Pictures are to be left out; otherwise, copy exactly the lines from the line containing "Arteta: New Arsenal generation gives me hope" through the end of the data.

## DATA BELOW
══════════════════════════════

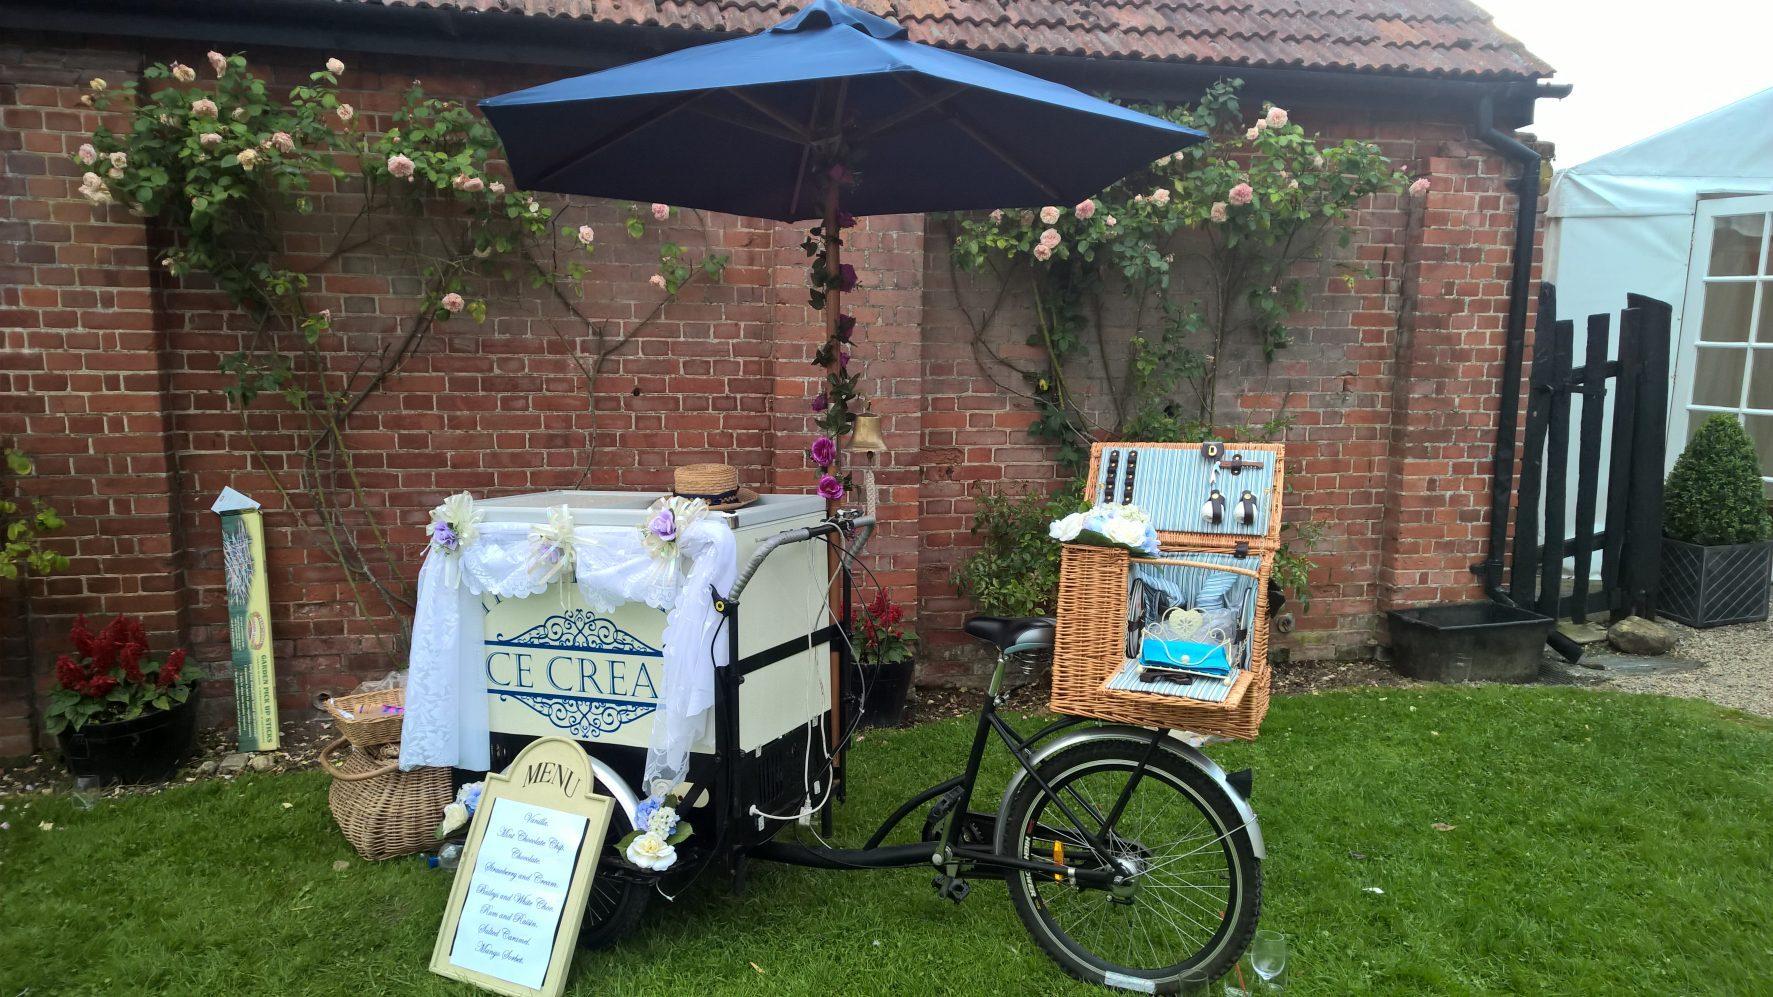 ice cream bicycle at wedding.
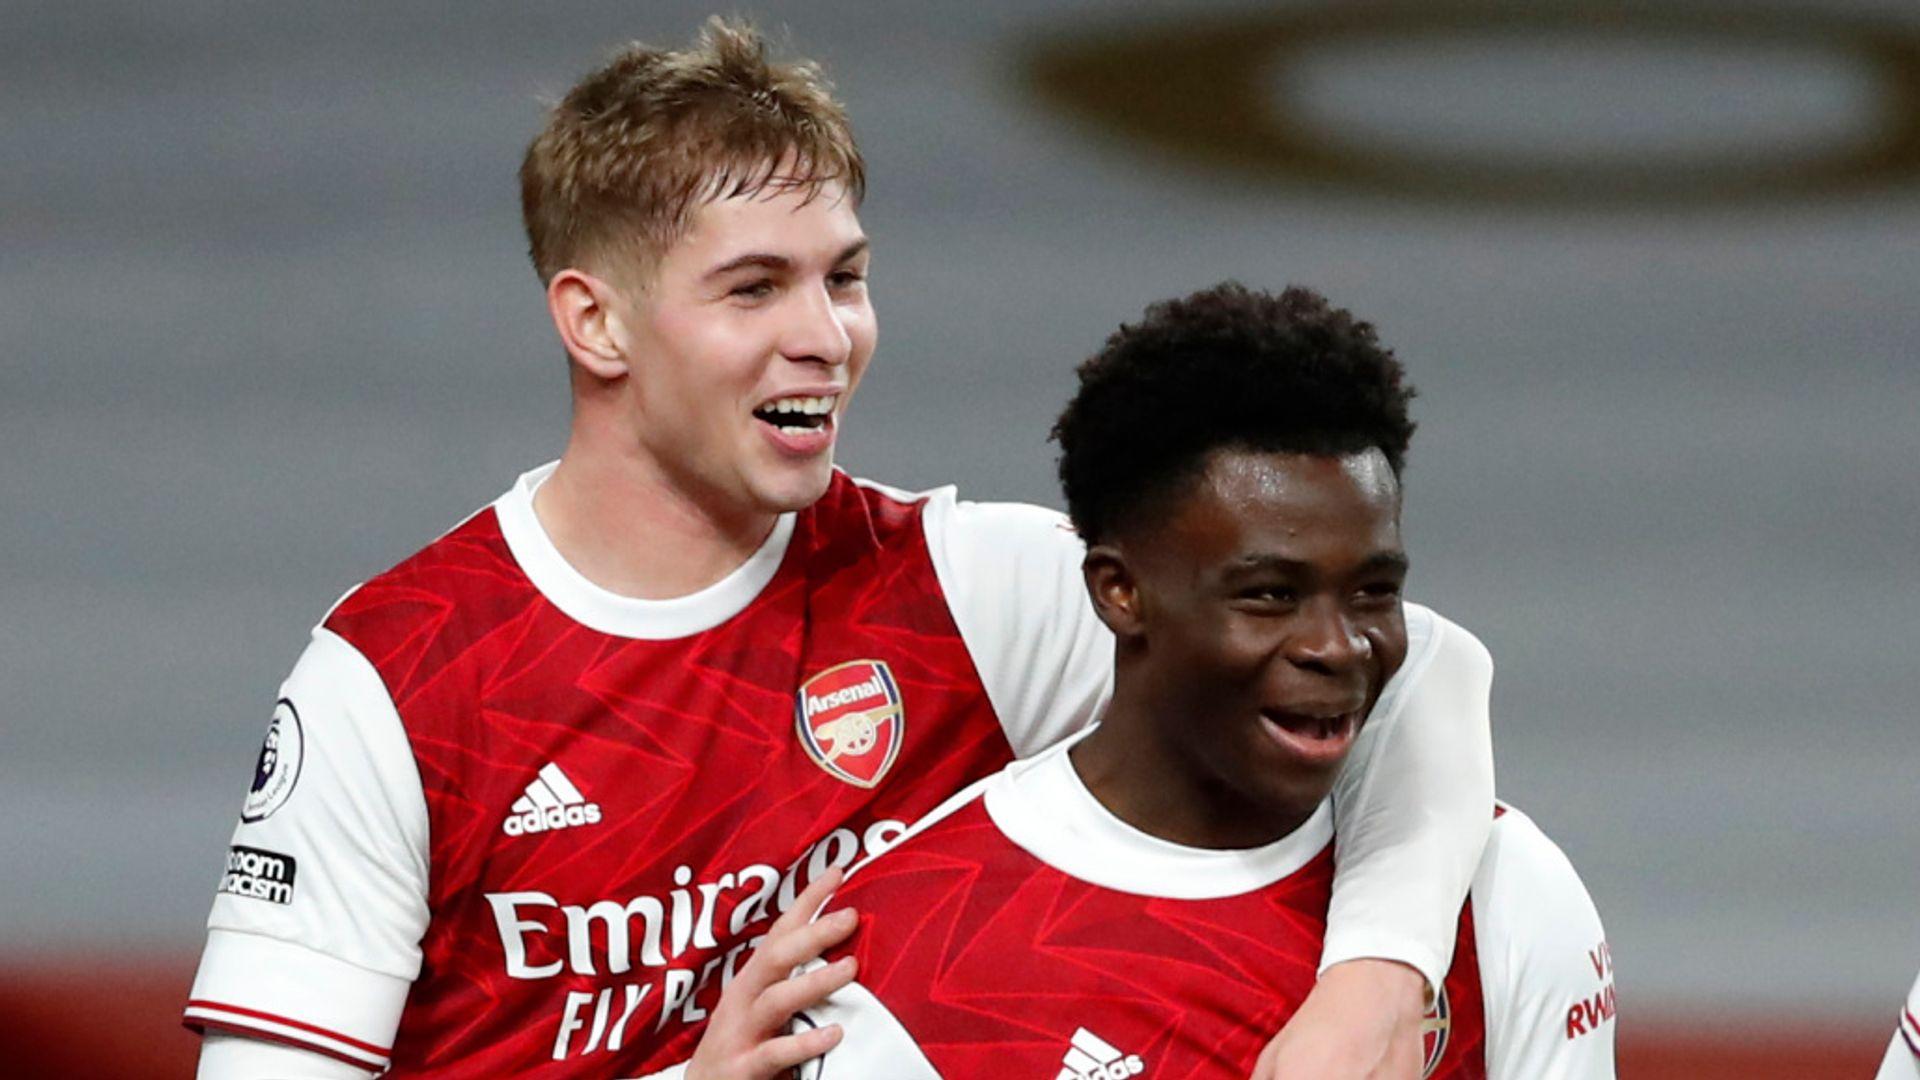 Arteta: New Arsenal generation gives me hope
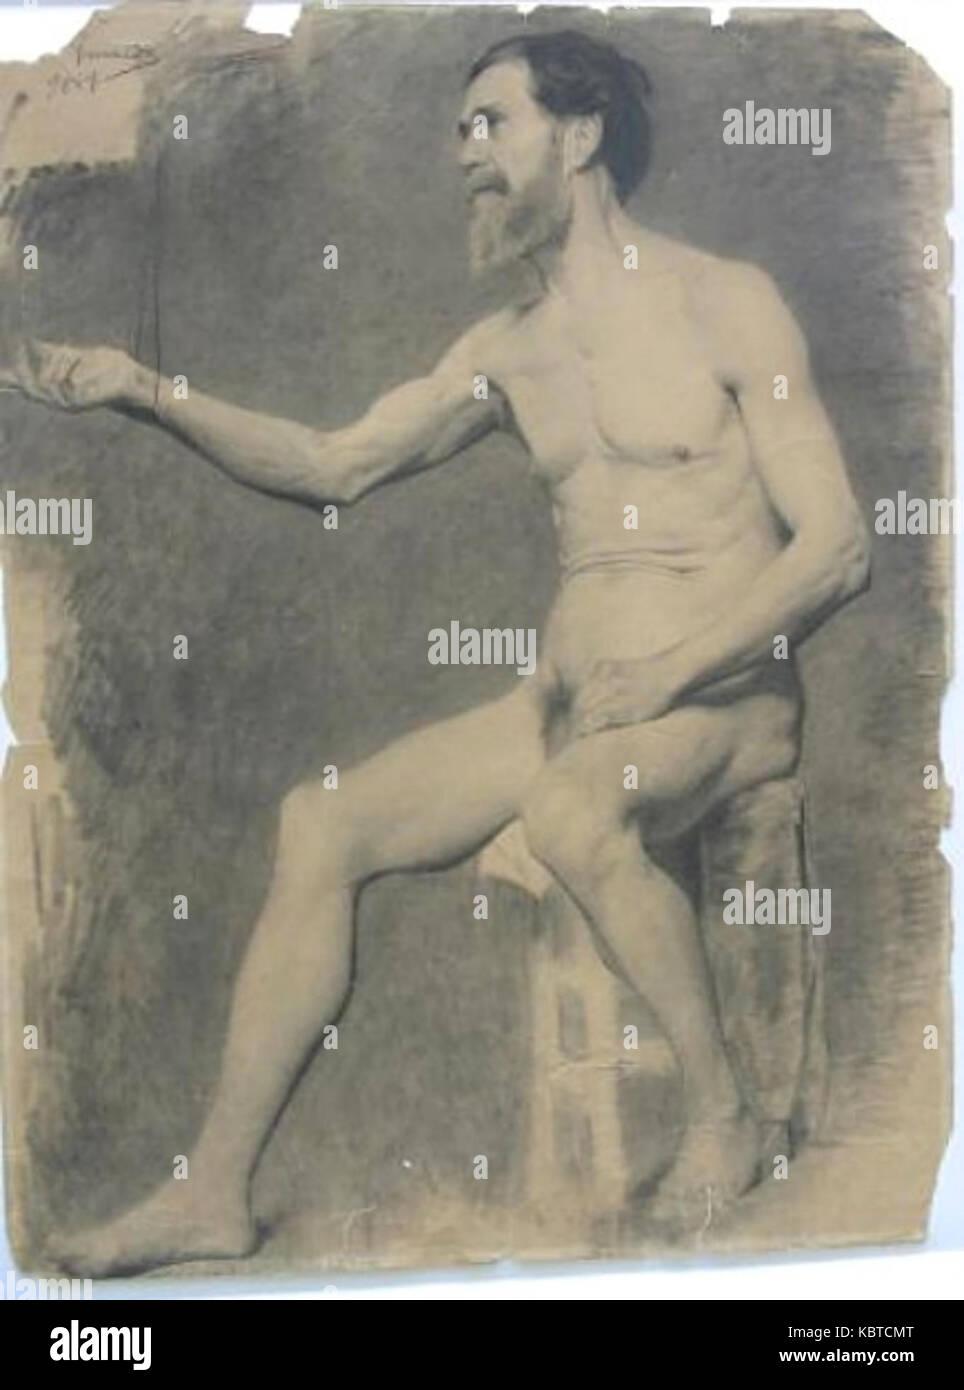 Rodolfo Amoedo Nu masculino sentado Imagen De Stock

══════════════════════════════

## RESPONSE TO THIS EXERCISE
 Arteta: New Arsenal generation gives me hope
 Rodolfo Amoedo Nu masculino sentado Imagen De Stock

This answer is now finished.